The straightforward idea is to go to a replicated storage on every request instead of using the cached range.

But it suffers from the same problem. There are several designs of replicated storage, some are based on the idea of the stable leader and are subject to availability loss during re-election. No, it isn't another rant on leader-based consensus. Leaderless variants are also affected: the time (clock) requires only one register and a leader-equivalent is needed to reduce contention - if it fails we still are in the same situation.

Instead of relying on consensus we go earlier in history and use an adaptation of Lamport clocks.

Lamport clock is a technique to track dependencies and assign "timestamps" to every event in a system such that if two events are causally related then the earlier has a lesser timestamp. LC doesn't provide uniqueness and out of two unrelated events, the one which happened earlier in absolute time may have a greater timestamp.

We'll iterate the idea and turn LC into TSO.

Probably the idea has been described before but I haven't seen it so let's name it Quorum Clock. If you know it under another name, please write in the comments.

Quorum Clock implements fault-tolerant TSO. The system consists of M time watching stateless nodes (TW), 2N+1 clock storage nodes (CS) and it's able to tolerate M-1 failures of TW nodes and N failures of CS nodes.

Each time watcher node has a unique id and it's used as a part of the timestamp. Actually, a timestamp is a tuple of stored time and TW's id.

How to generate timestamp?

Client randomly selects TW node and asks it for a timestamp.
TW node asks CS nodes for their stored time.
TW node waits for at least N+1 responses.
TW node picks maximum among responses, increment by one and sends it back to CS nodes.
CS nodes overwrite the current value (if new is greater) and send a confirmation to the TW node.
TW node waits for N+1 responses, creates (new stored time, TW's id) pair and passes it to the client.

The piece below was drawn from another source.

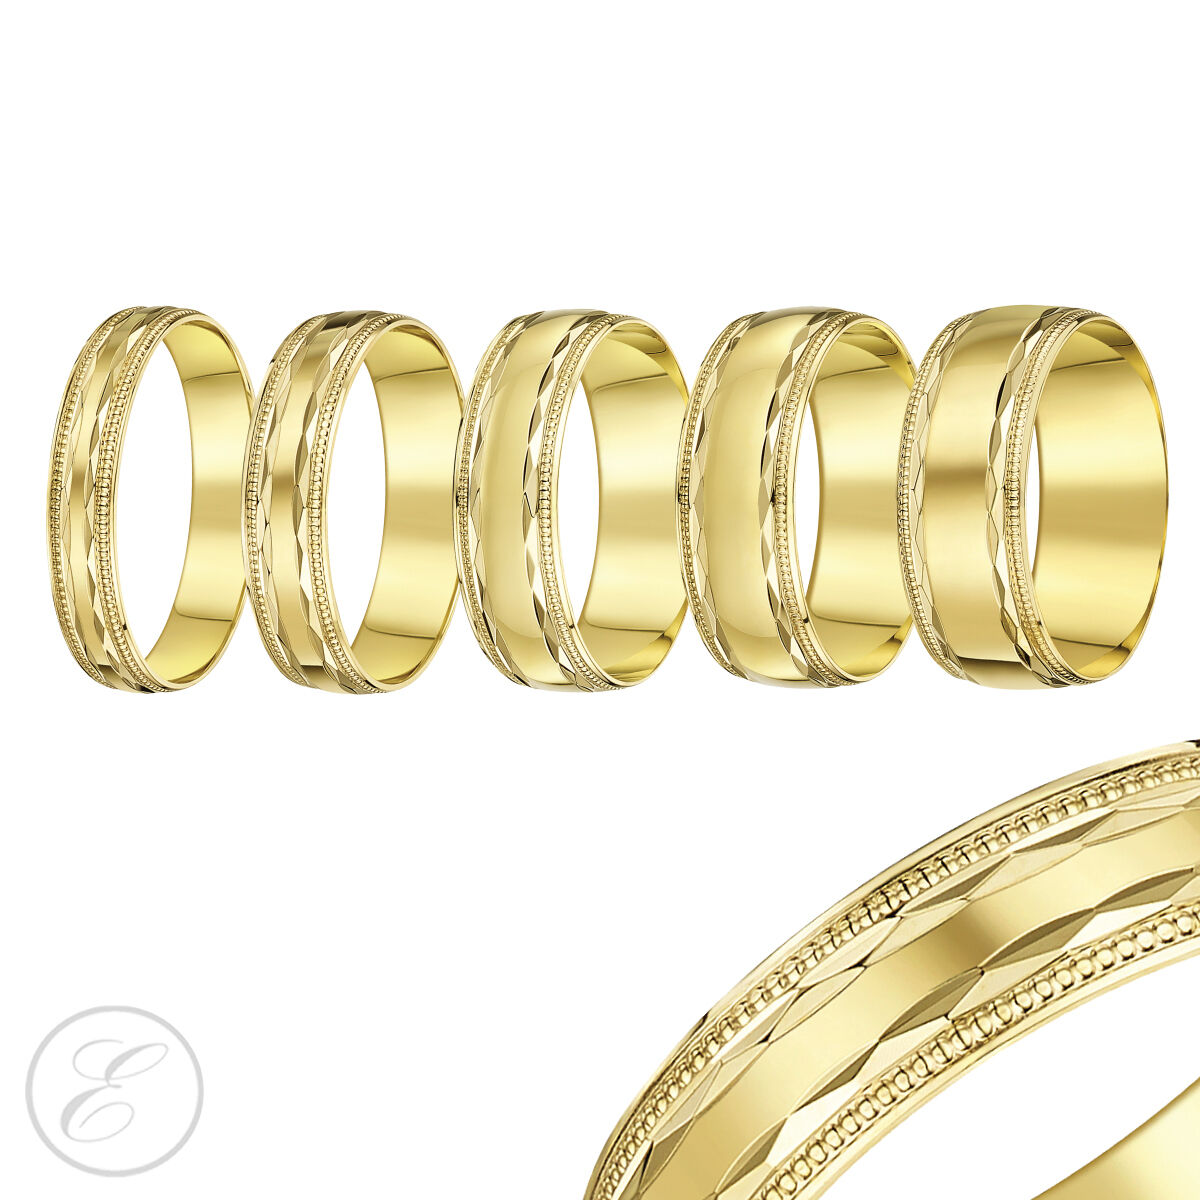 18 Ct Anillo gold yellow Cuenta Diamante Cortar Borde Ligero Forma De D Alianza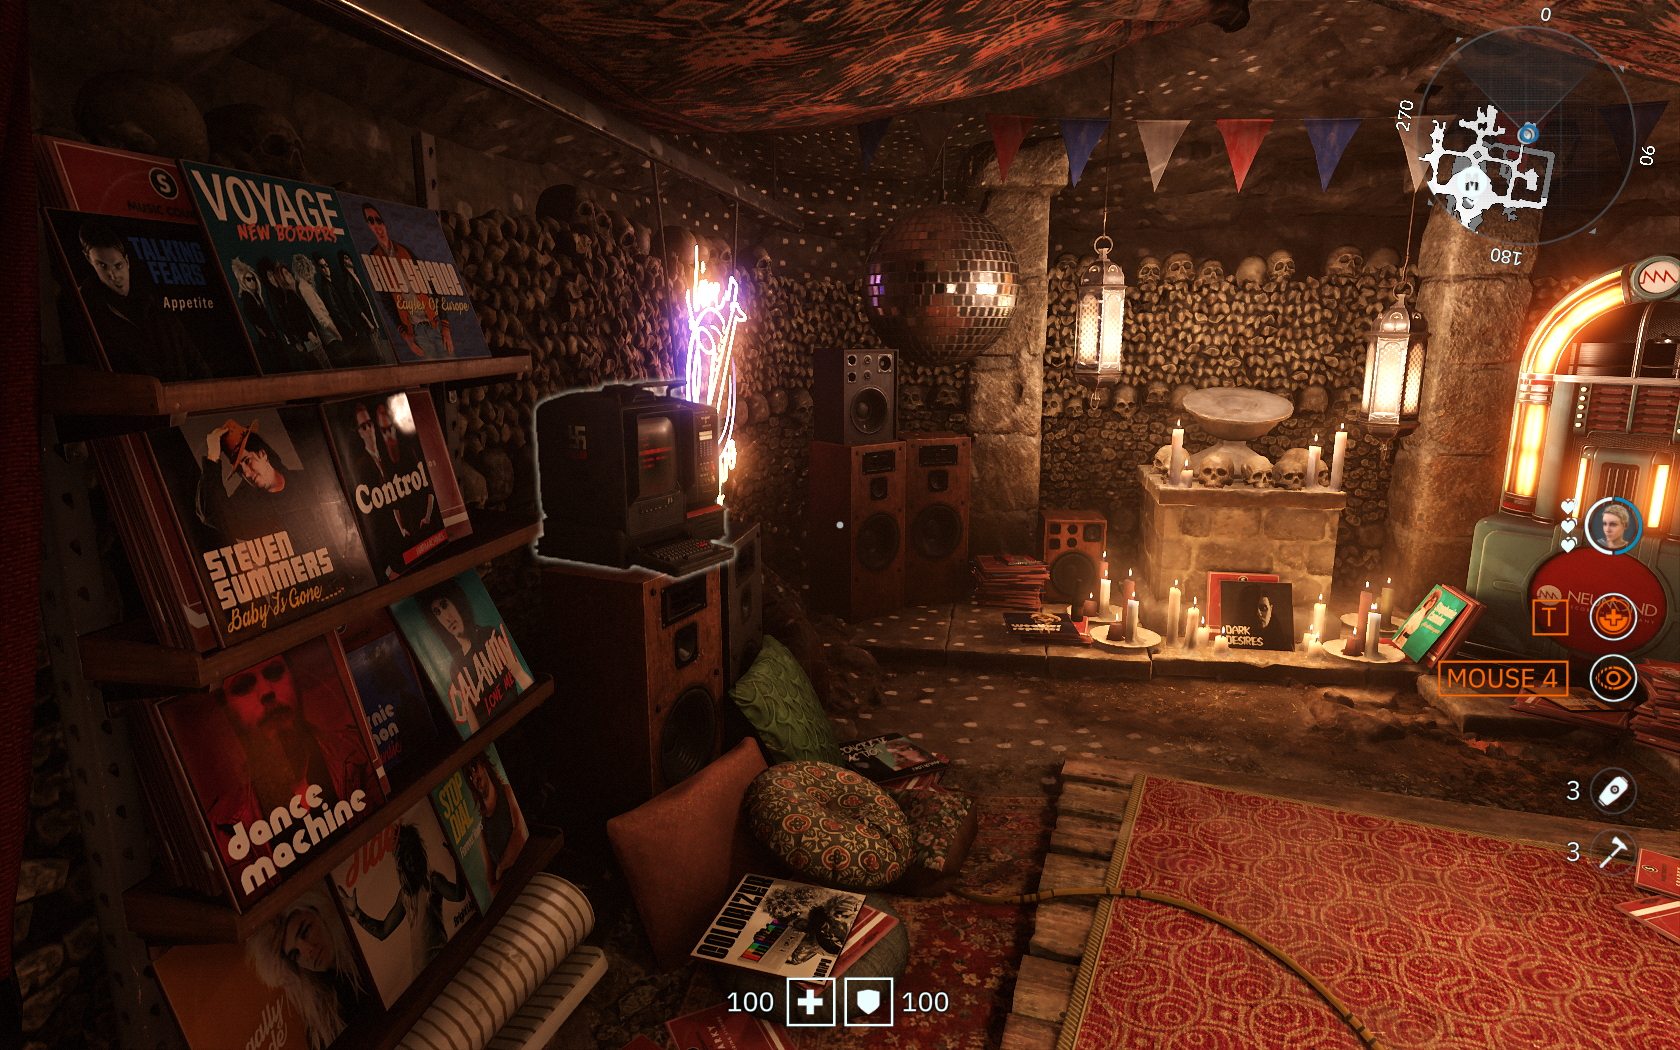 Wolfenstein  Youngblood Screenshot 2019.07.28 - 15.27.48.46.png

When a client wants to compare two timestamps she compares the stored time and if they are equal uses TW's id as a tiebreaker.

Why does it work?

If one request starts after another finish then there is at least one common CS and later request gets higher stored time by definition.
If two requests are concurrent then it doesn't matter which one is earlier and unique TW's id guarantees uniqueness stored time components match.

Optimizations

If every client has a unique id then clients can play a role of TW nodes and reduce the number of hops by 1 RRT.

Another optimization is to serve requests to CS from RAM. We suppose that CS keeps time in a persistent memory (disk) and updates it on every put. But persistent memory is slow compared to RAM. Let's update the protocol to serve from RAM in most cases. To do it we should:

Split CS's time into epoch and time.
Keep epoch persisted on disk and time in RAM (zero when CS node starts).
Increments epoch by one and persist it when CS starts.
If put epoch is greater than current epoch overwrite current epoch on disk.
Update time only in RAM.

Conclusion

It seems we came up a protocol of leaderless clock. Let's compare it to a consensus based solution:

Same number or hops. Consensus counter: client → leader → acceptors → leader → client, quorum clock: client → CS → client → CS → client.
When a leader is partitioned away consensus counter suffers from a short period of unavailability. Quorum clock tolerated isolation of any node without downtime.
Quorum clock serves requests from memory without touching the disc.

Both solutions don't give the sense of time to an operator, making it hard to correlate real-world events with the behavior of the system. Hopefully hybrid logical clock has the same properties as Lamport clock but also include physical time in the timestamp so we can build quorum clock on top of HLC to overcome the correlation issue.